Он сбросил все свое добро на пол и твердо сжал лук обеими руками. Необъяснимое движение вело его крохотными тиками, бегущими вдоль всей длины оружия, – тиками, что слились и стали тягой. Он углубился в пещеру. Лук направил растущее возбуждение к концу третьего чертога. Там оказалось нужное место, как будто отмеченное валуном. Лучник смахнул с камня пыль и нанесенные ветром сучья и охнул при виде пиктографии, грубо высеченной на поверхности: полукруг, пронзенный посередине тонкой заостренной черточкой: лук и стрела.
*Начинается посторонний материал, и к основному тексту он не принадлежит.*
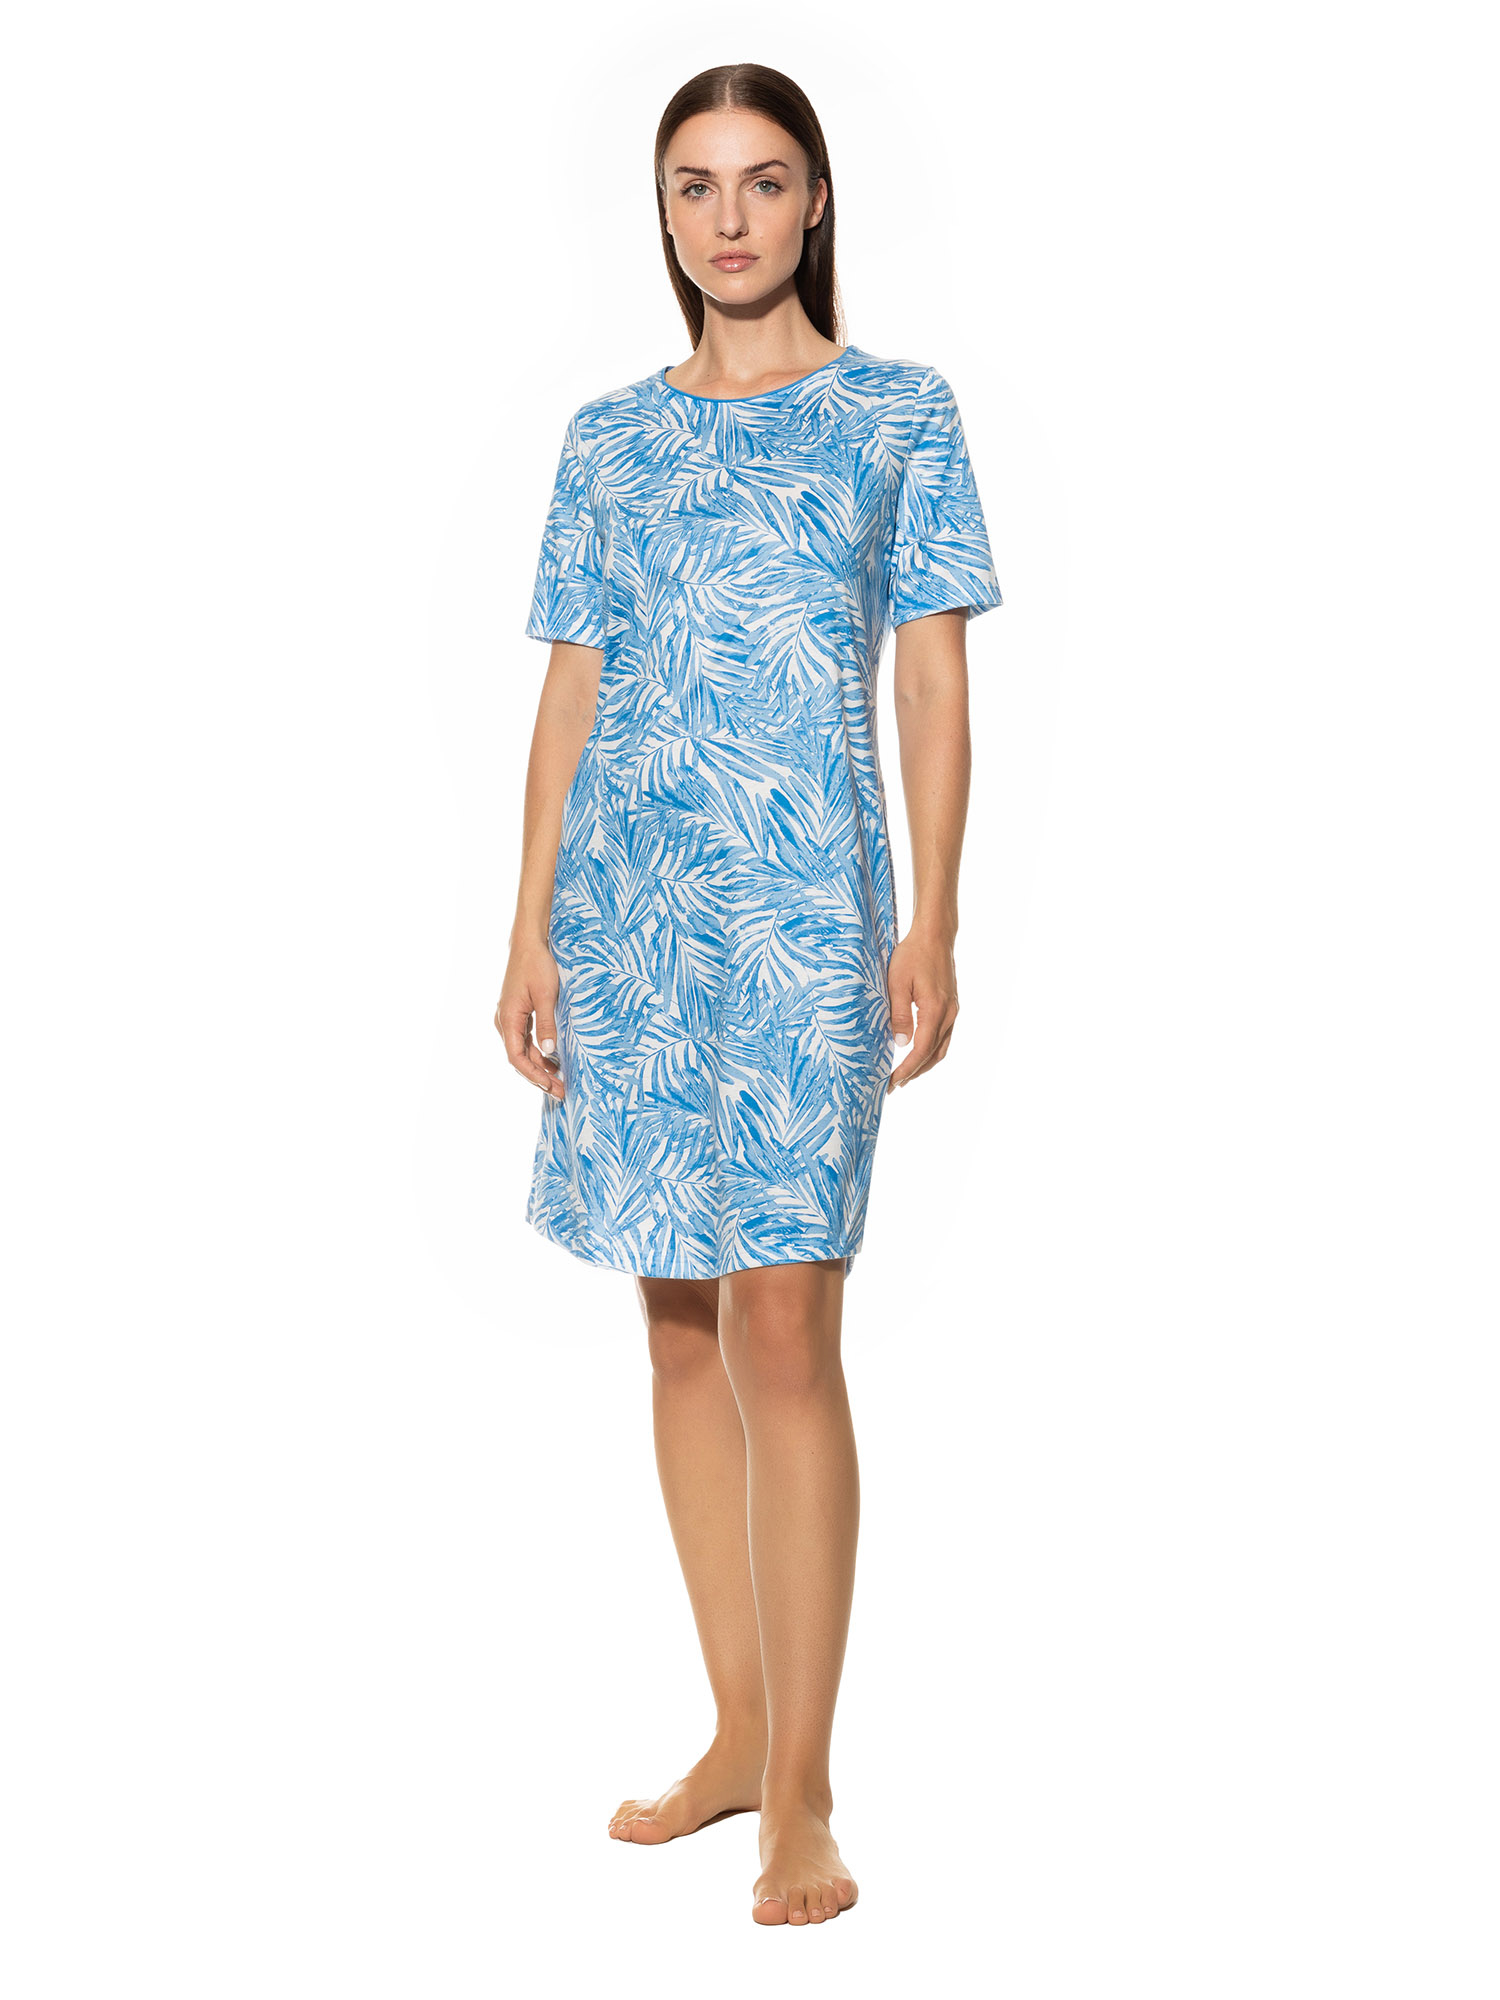 Damen-Nachthemd  mit Allover-Blätter-Print aus reinem Baumwoll-Jersey

Он откатил камень и принялся копать, скрести утрамбованную землю руками и большим ножом с пояса. Через двадцать минут, на глубине в локоть, он наткнулся на твердое. Разметал землю, обнажив тяжелый деревянный ларец. С немалыми трудностями высвободил его из тугой каменистой почвы и согнулся ради нескольких глотков воздуха, прежде чем поддеть крышку. Та подчинилась и обнажила тяжелый сверток и накарябанную записку. Строки вывела знакомая рука. Они гласили:
Ты и я – Питер Уильямс. Моя память уже на исходе, так что я пишу эти слова под диктовку Эсте. Ты найдешь это после того, как она умрет и станет луком в твоей руке. Ты возвращаешься туда, откуда пришел, на другую сторону Ворра. Сейчас ты на полпути. Многие попытаются тебя остановить; некоторые попытаются забрать твою жизнь. Будь бдителен и умен. С нами идет только Эсте, только ей можно доверять. Она вывела меня из края войны, когда пролилась кровь. Год мы прожили в этой пещере, а затем ушли начать новую жизнь. Это был рай, но в преддверии ада. Она видела все и видела наше место во всем. Твое возвращенье уравновесит мертвецов, что последуют затем. Эсте шлет свою любовь из нашего времени – тебе и себе нынешней. Я же оставляю гостинец из прошлого – дракона, что остановит некоторых чудовищ, и воспоминание из деревни, что позволит тебе издали слышать нас и других.
Бог в помощь.
Ты.
Он долго таращился на бумагу, а потом его пробила дрожь. Воздух в пещере словно бы перенял волнение, так что все, кроме письма, дрожало размытым пятном. В шоке Лучника боролось что-то вроде ярости и ступора, и глаза закрылись, чтобы видеть, как друг друга рвут и когтят его крайности. Тело охватила судорога, мышцы затвердели, словно противясь возмущению вокруг и внутри него. Уже наставала точка перелома, когда раздался звук: емкий, сухой, словно звон расколотого колокола. Он раз отдался в пещере и заземлил смятение Лучника. Все надорванное время проглотил идеальный покой. В молочной неподвижности Лучник обернулся на расколотый ларец – теперь не более чем гнездо щепок.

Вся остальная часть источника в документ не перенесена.